One of the biggest advantages of NumPy, besides its convenient usage, is the speed gain over classic Python loop structures via vectorized arithmetic operations for its ndarray
objects.
In general, "vectorizing" means that artithmetic operations on elments in a vector can be done in parallel as an 1-step process. In theory, if we forget about additional overheads, a vectorized arithmetic addition, e.g.,
$\begin{pmatrix} 1 \\ 2 \\ 3 \\ 4 \end{pmatrix} + 1 = \begin{pmatrix} 1+1 \\ 2+1 \\ 3+1 \\ 4+1 \end{pmatrix} = \begin{pmatrix} 2 \\ 3 \\ 4 \\ 5\end{pmatrix}$
could be 4 times faster than adding the constant 1 to every number in sequential order.

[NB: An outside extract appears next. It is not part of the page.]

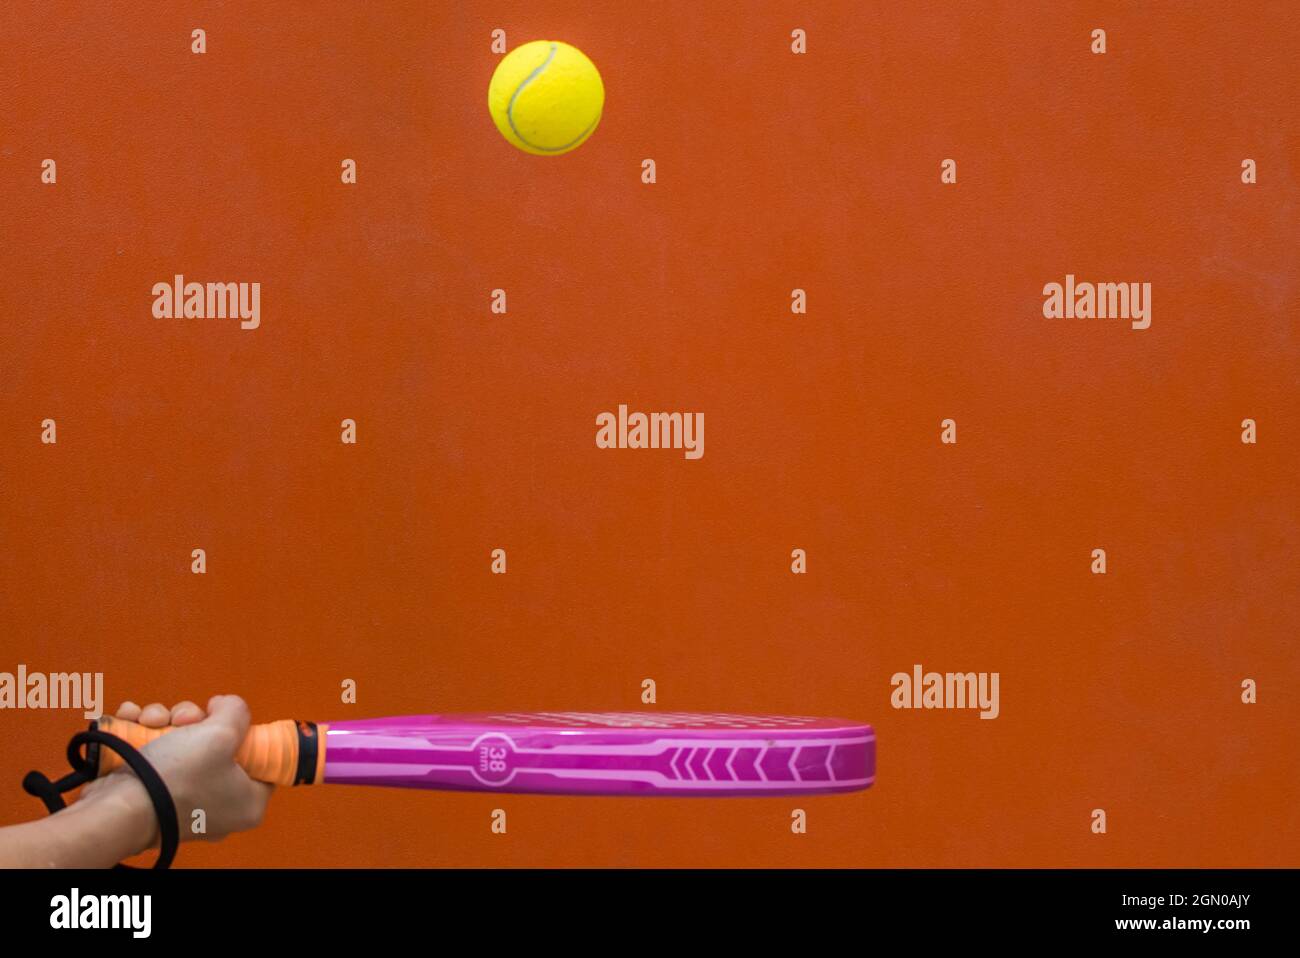 Hand Holding A Paddle Tennis Racket Hitting The Ball On An Orange Background.Sports Stock Photo

In NumPy, some operations that are using the architecture's "BLAS" (Basic Linear Algebra Subroutines) can also take advantage of CPUs with multiple cores and run multiple processes in parallel, for example, the matrix dot product (numpy.np(A,B)
or A.dot(B)
).
Other array operations.
Other arithmetic operations in NumPy, e.g, arithmetic addition, don't make use of BLAS in the current implementation of NumPy. However, those are still overcoming Python's GIL (Global Interpreter Lock) to allow multi-threading (not to be confused with multi-processing), which can still result in a significant speed boost.
(Source: http://wiki.scipy.org/ParallelProgramming)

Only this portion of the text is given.